Esas ventajas coexistían, no obstante, con escollos considerables. Unos tienen que ver con los plazos y los recursos financieros exigidos por un proyecto de tales dimensiones. Los puertos ya existen, pero no las líneas ferroviarias y de carreteras que habría que construir a través de los desiertos de Arabia Saudí y de Emiratos. Otras limitaciones derivan de la ausencia de Turquía (lo que fue denunciado por su presidente, Recep Tayyip Erdogan, en la cumbre del G20), y de Irán (lo que se traducirá quizá en la profundización de sus relaciones con Pekín).

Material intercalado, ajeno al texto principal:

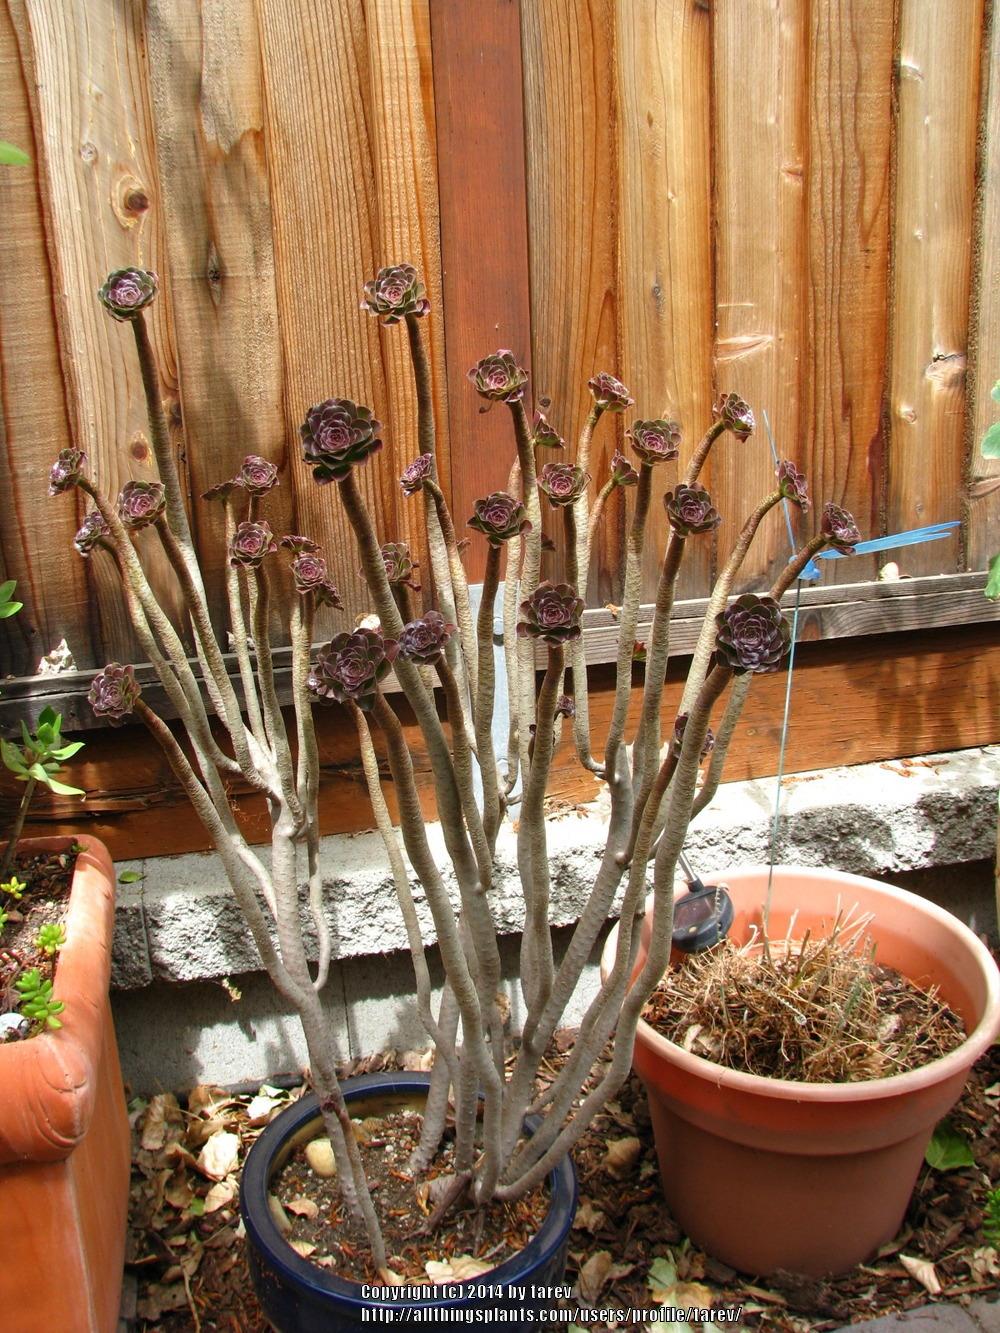 Photo of Aeonium (Aeonium arboreum) uploaded by tarev

La guerra y sus impredecibles consecuencias se han sobrepuesto desde el 7 de octubre a dichos obstáculos. El plan de acción del corredor que debían discutir las partes a principios de noviembre queda aparcado y, con él, la pretensión de transformar por esta vía la ecuación de poder en Eurasia. Para contener a China y promover el ascenso de India, Occidente necesitará algo más que una red de infraestructuras: toda estrategia que desatienda la causa última de los problemas políticos de Oriente Próximo tendrá un corto recorrido.